## RAW DATA
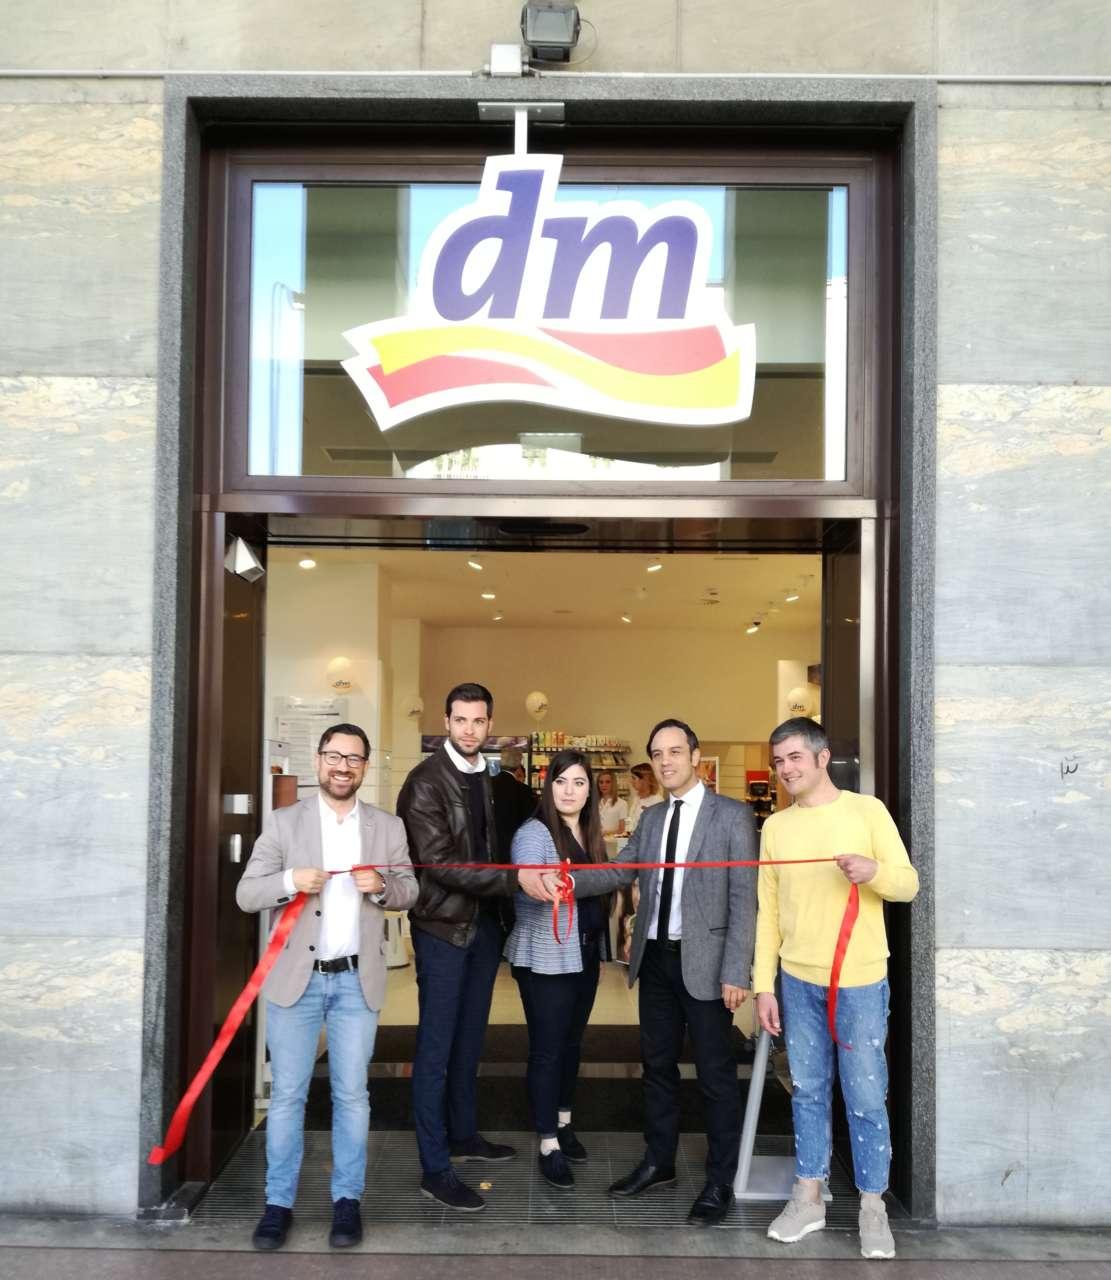 Dm Inaugura Il Secondo Punto Di Vendita A Milano Gdoweek
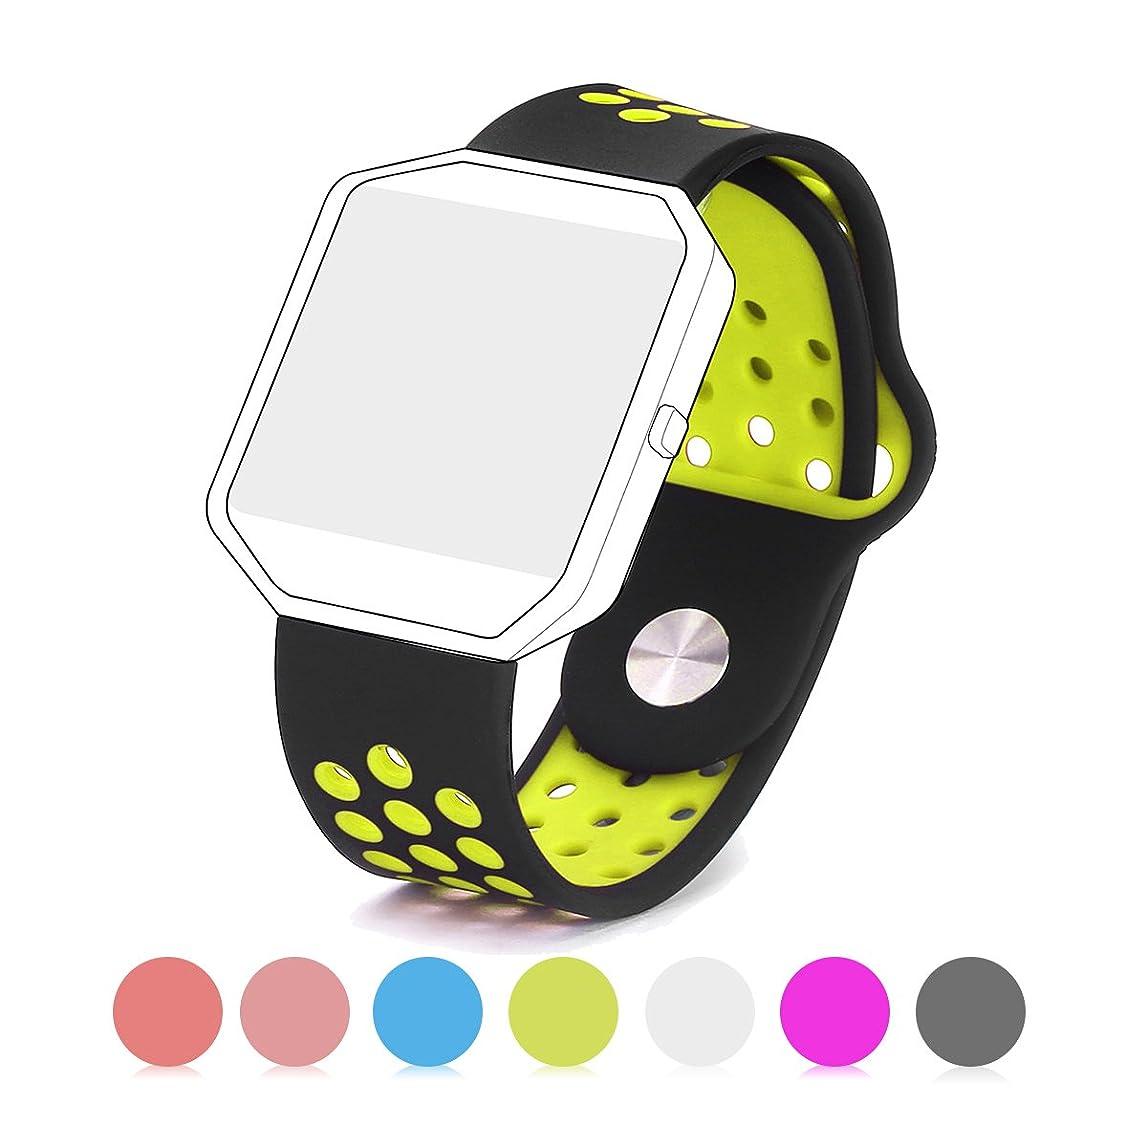 ノミネートコードアクセスできないKutop バンド for Fitbit Blaze バンド, 柔らかいシリコン調整可能バンドの取替可能 Blazeに適用するスマート時計心拍フィットネス腕時計
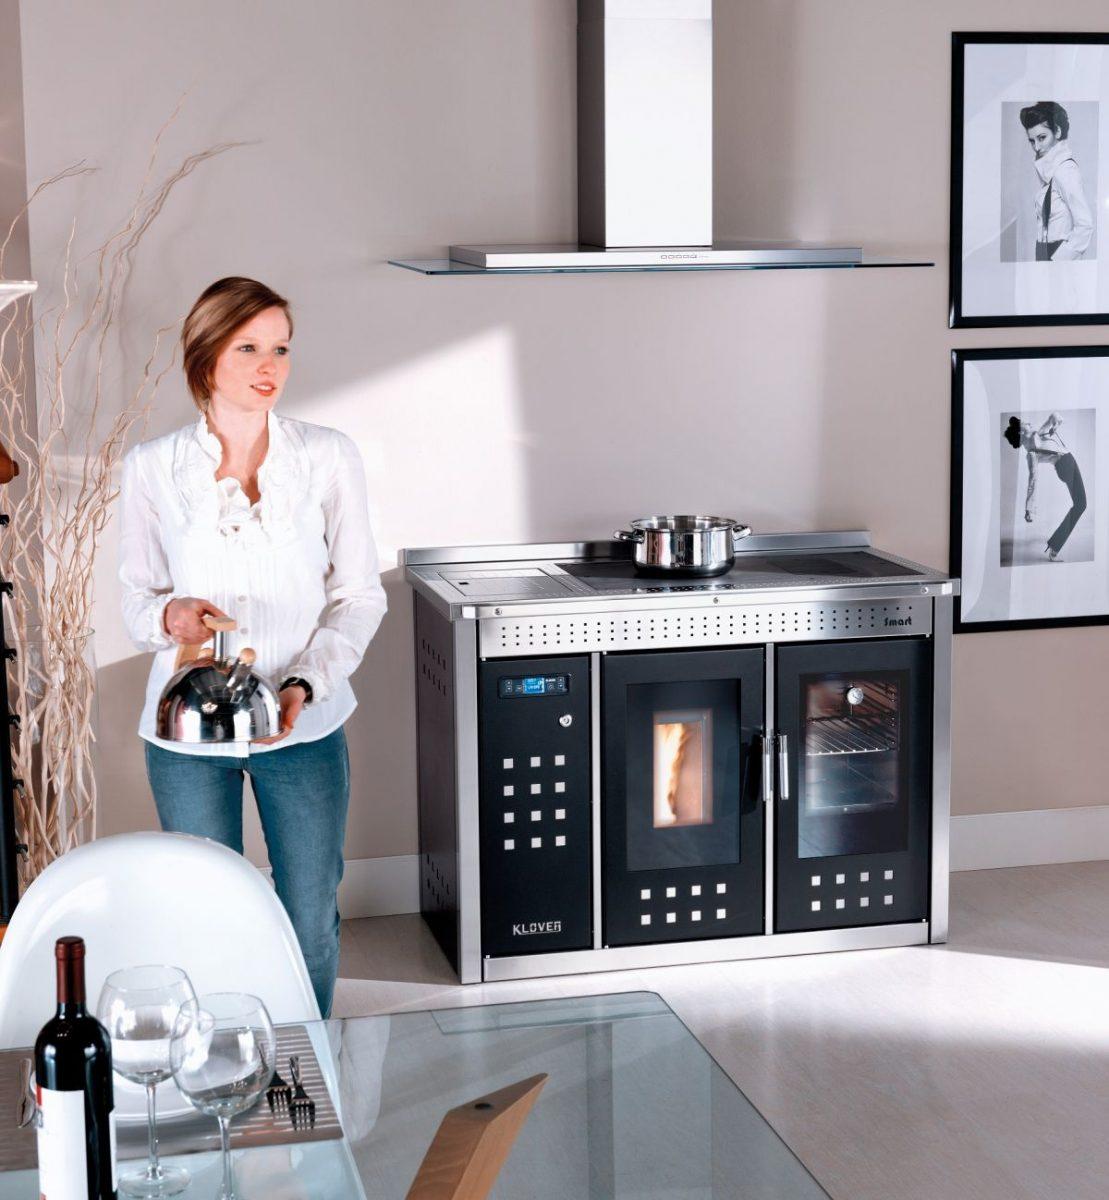 1ludlow-stoves-ltd_klover-smart-120-pellet-cooker-boiler-1200x1200.jpg

## REQUIRED WORK
Transcribe the preceding listing in its entirety and with exact wording, leaving out pictures.

## THE ANSWER
 Dm Inaugura Il Secondo Punto Di Vendita A Milano Gdoweek
 ノミネートコードアクセスできないKutop バンド for Fitbit Blaze バンド, 柔らかいシリコン調整可能バンドの取替可能 Blazeに適用するスマート時計心拍フィットネス腕時計
 1ludlow-stoves-ltd_klover-smart-120-pellet-cooker-boiler-1200x1200.jpg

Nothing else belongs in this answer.